BEGIN

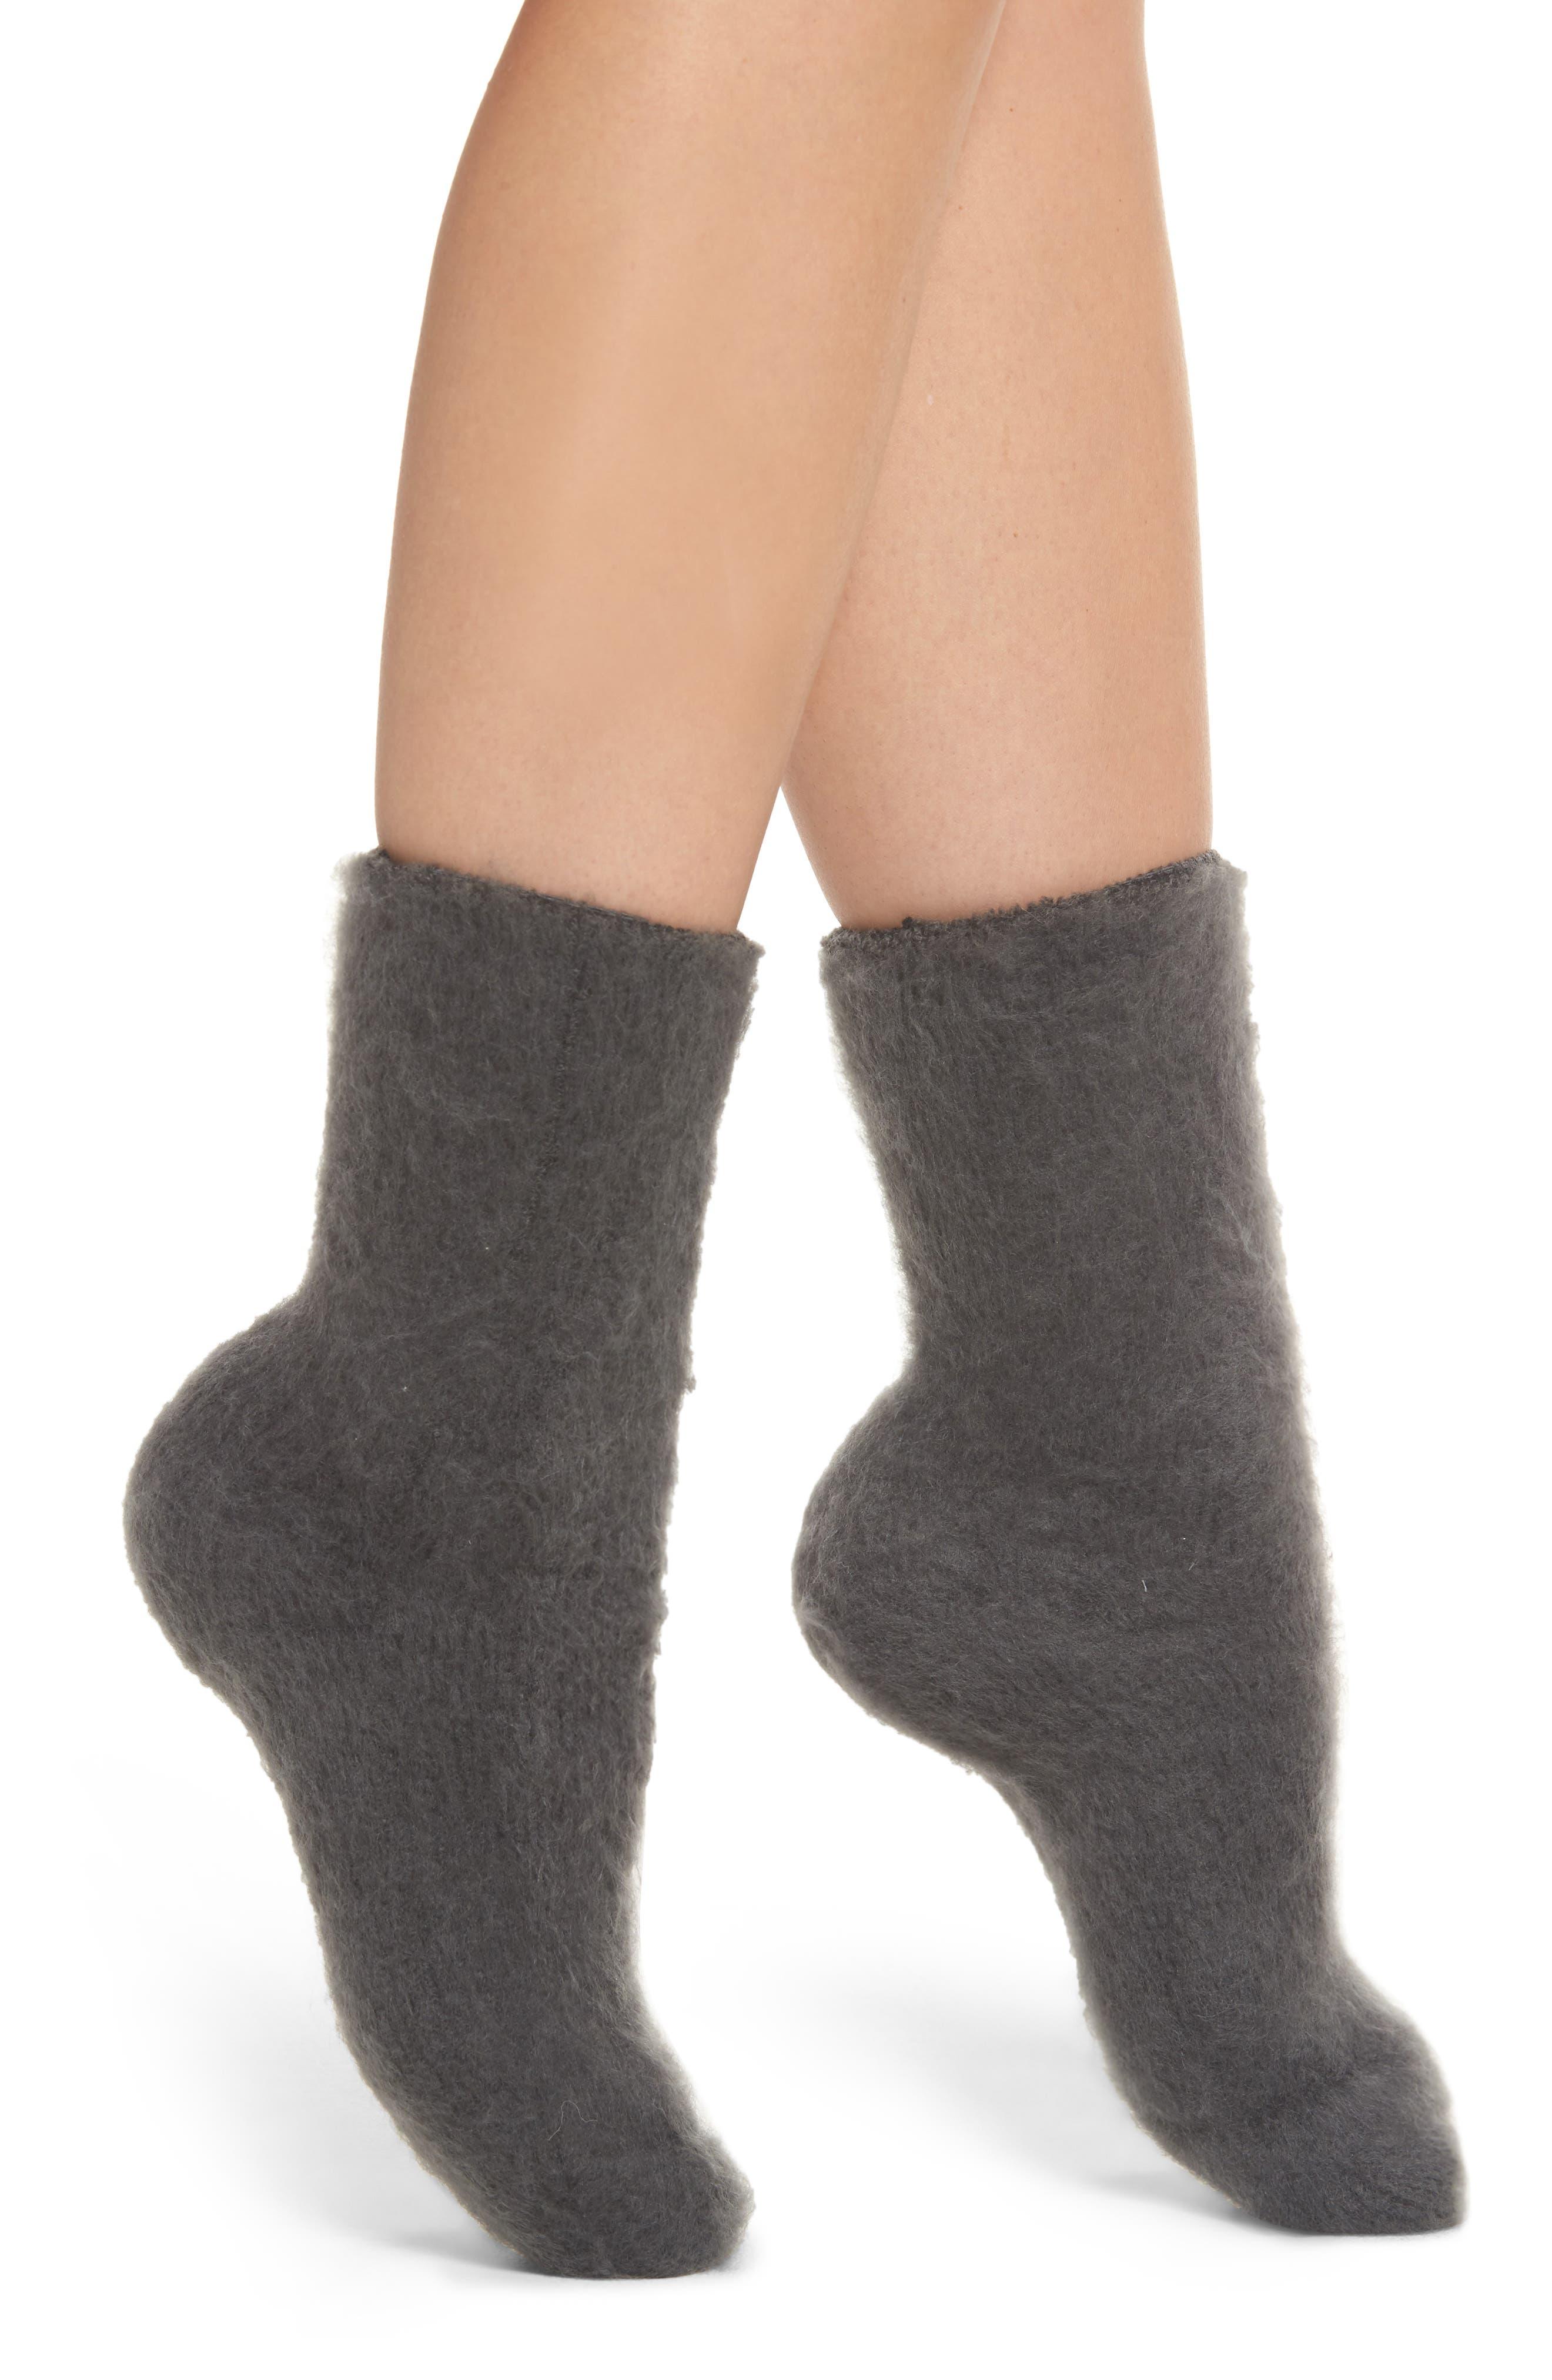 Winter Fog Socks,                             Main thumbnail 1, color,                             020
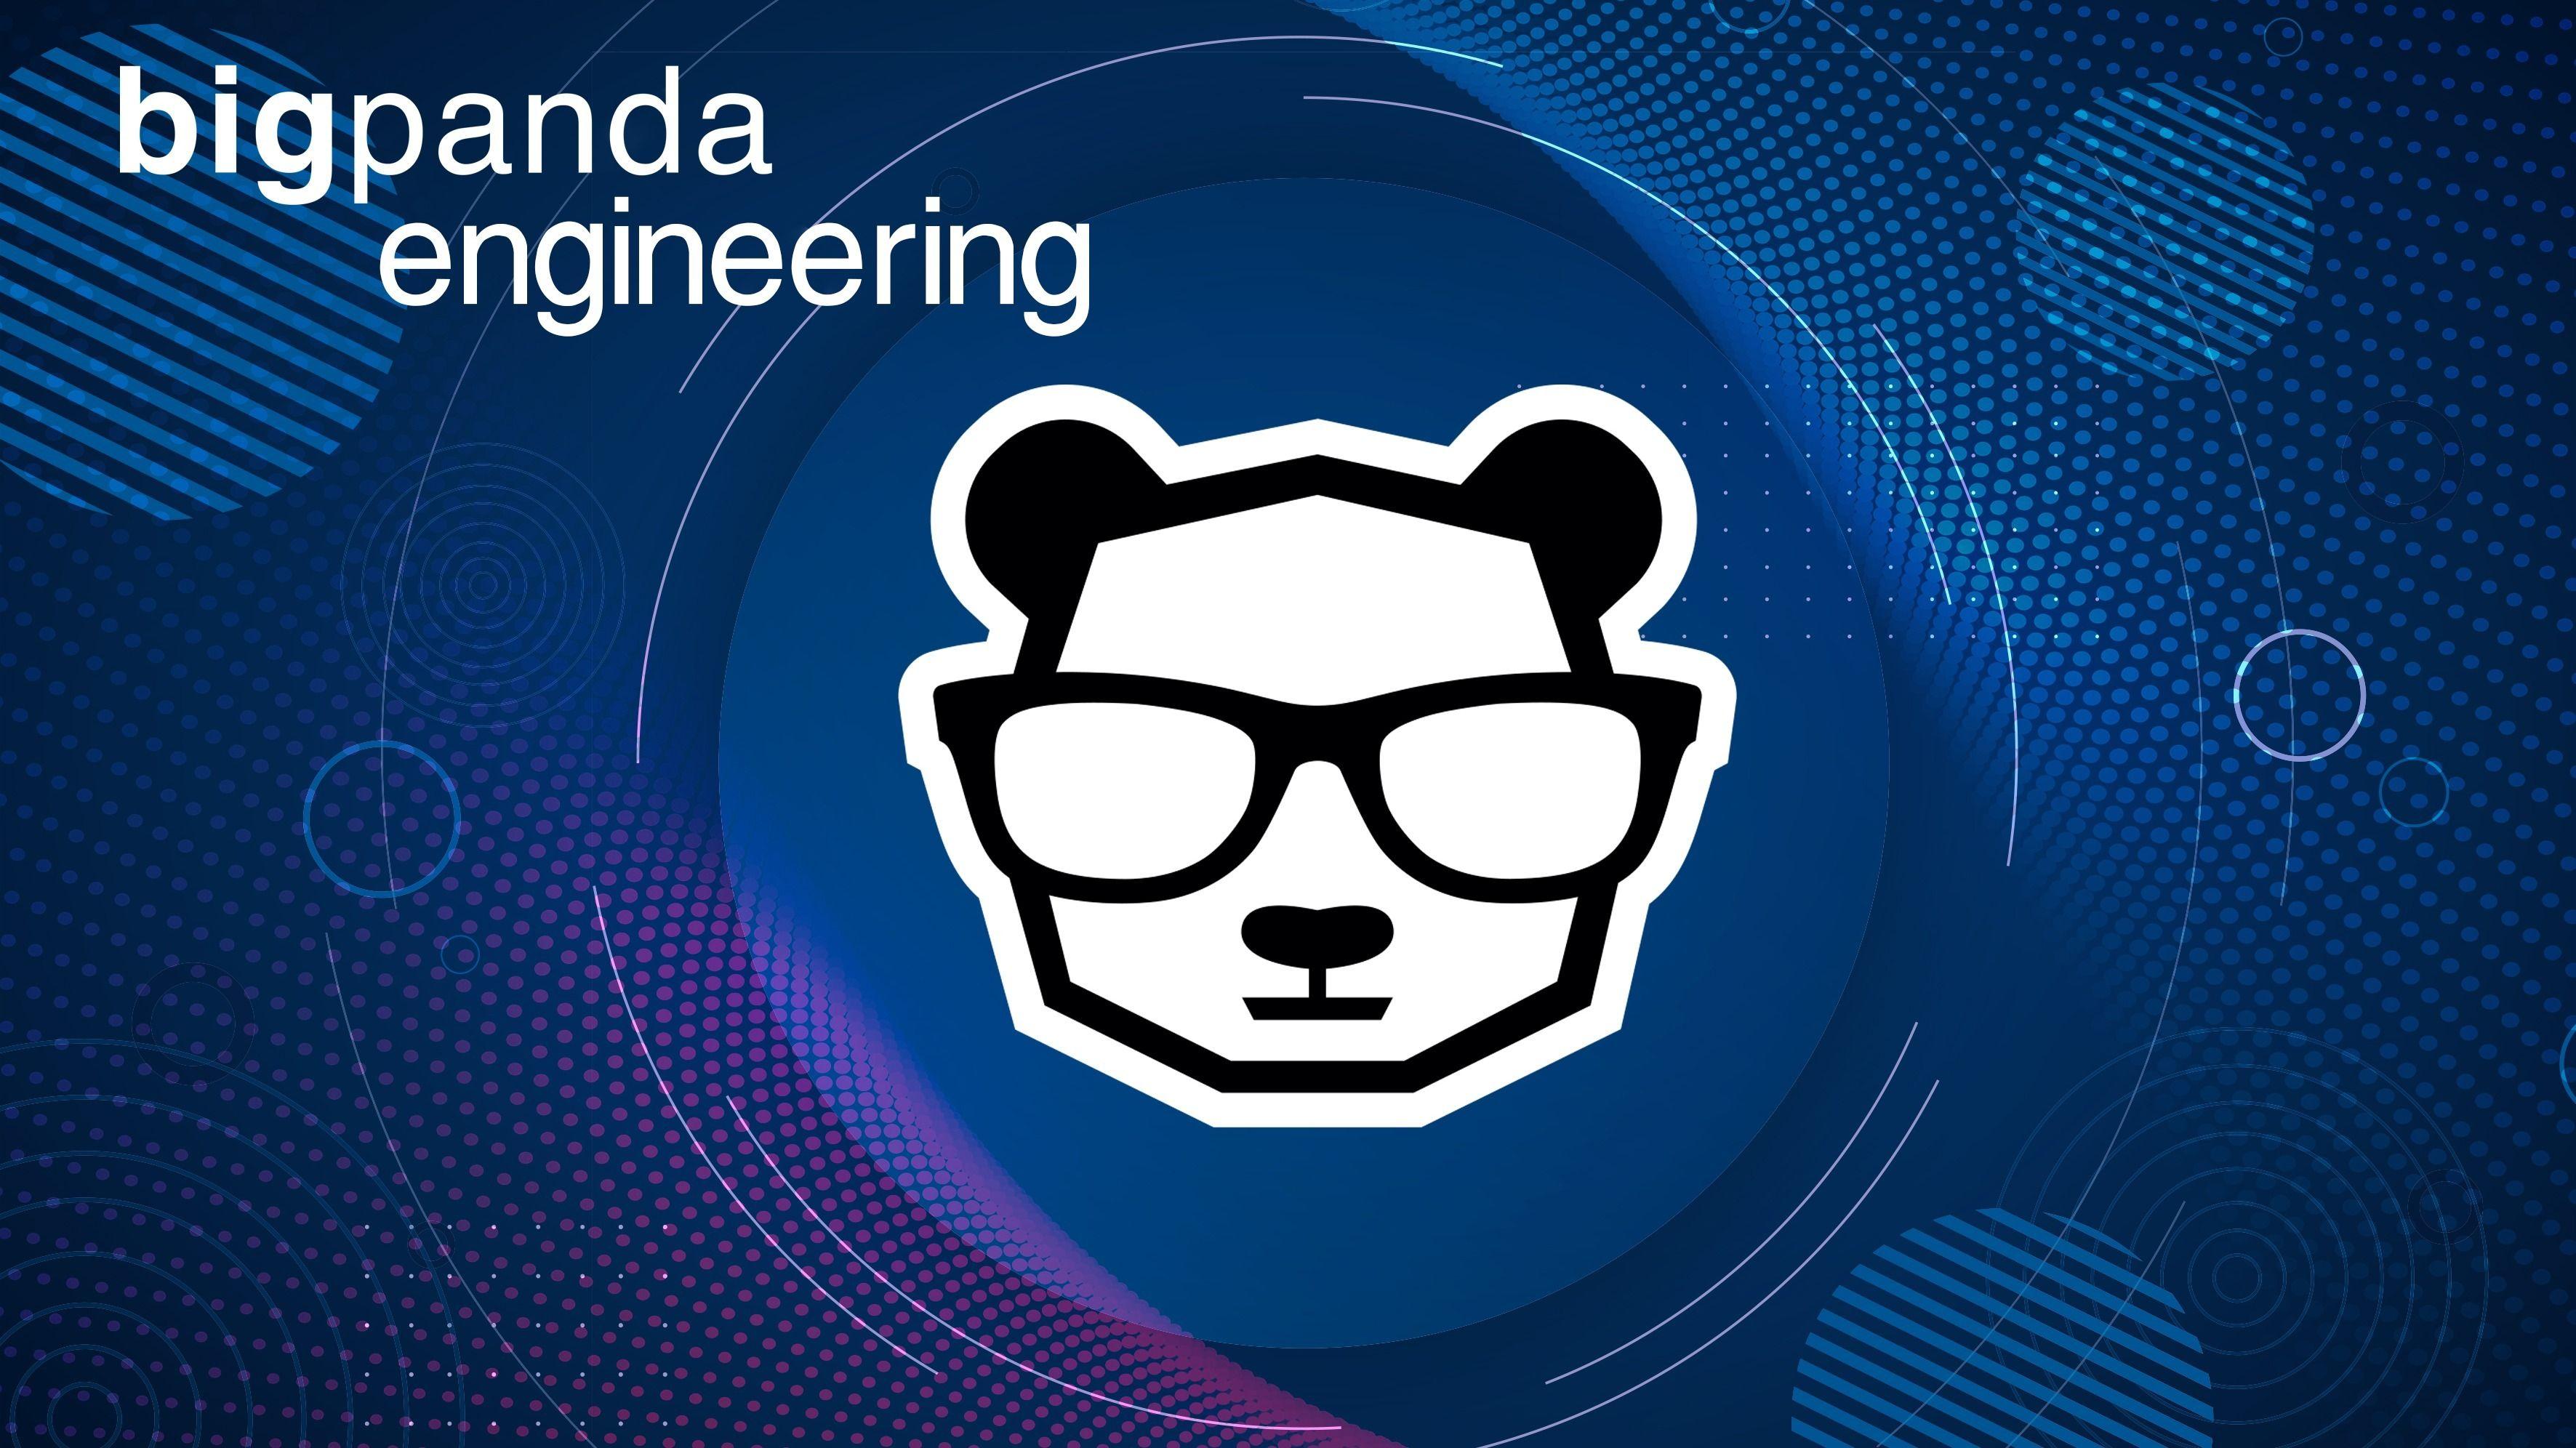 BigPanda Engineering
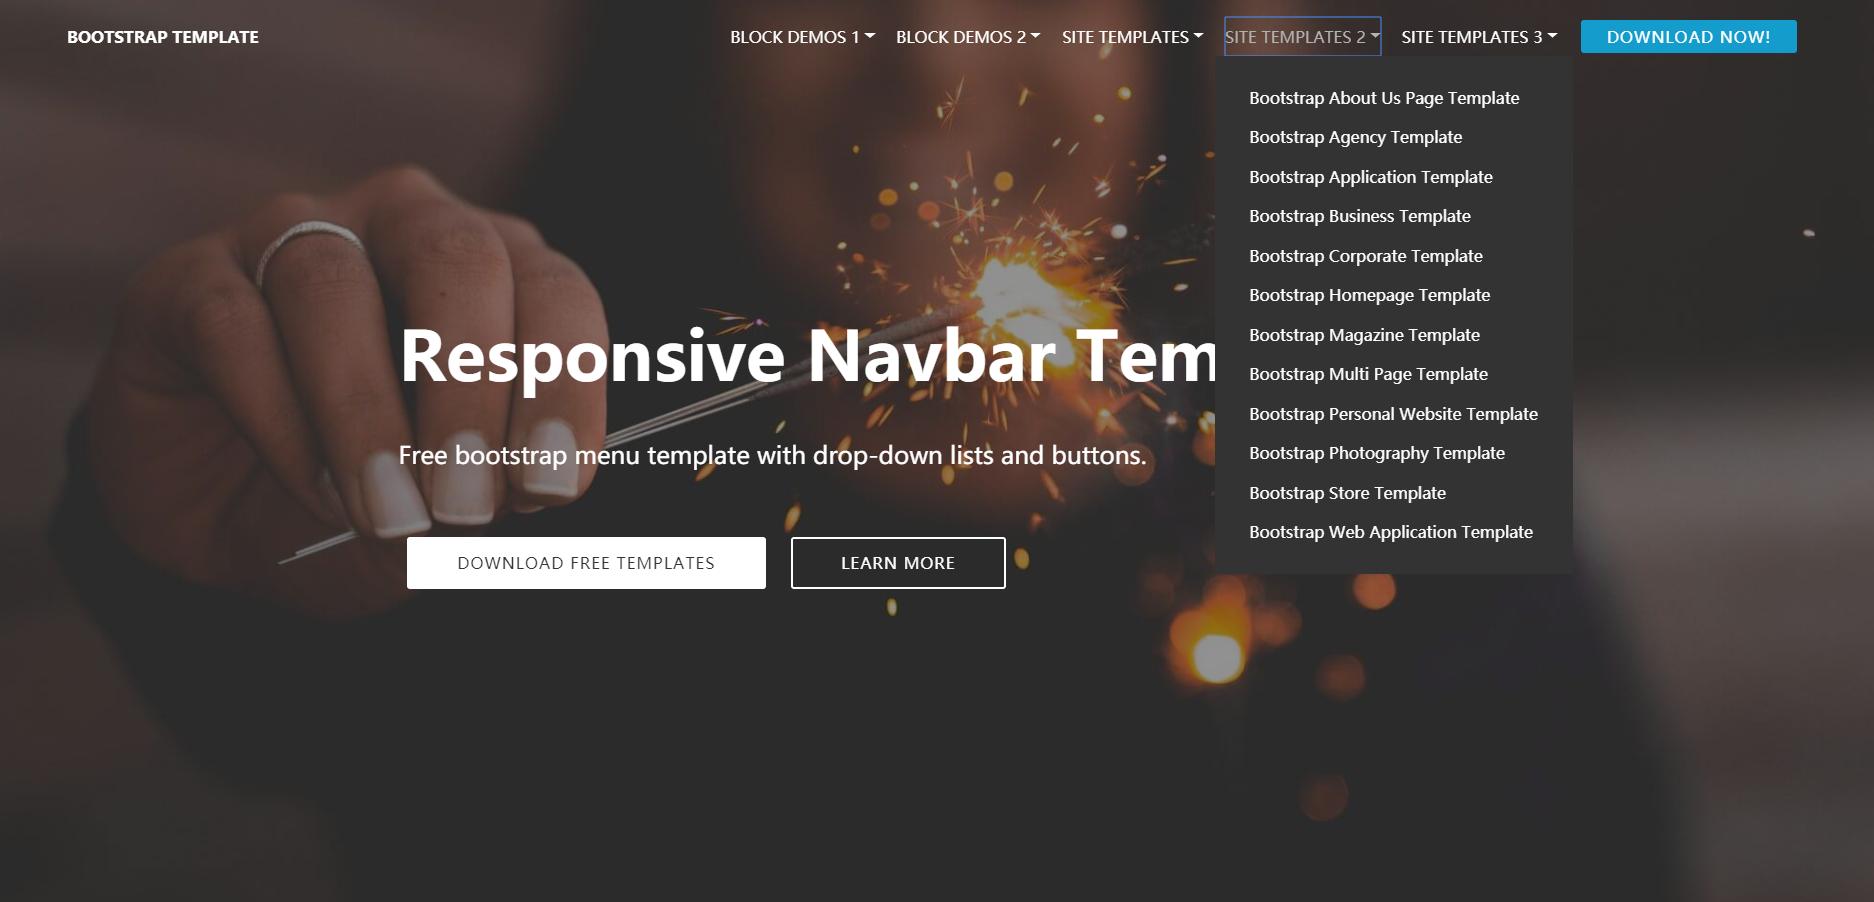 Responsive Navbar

END

**WORK REQUIRED:** Make an exact copy of the data, leaving its pictures out.

**RESPONSE AREA:**
 Winter Fog Socks,                             Main thumbnail 1, color,                             020
 BigPanda Engineering
 Responsive Navbar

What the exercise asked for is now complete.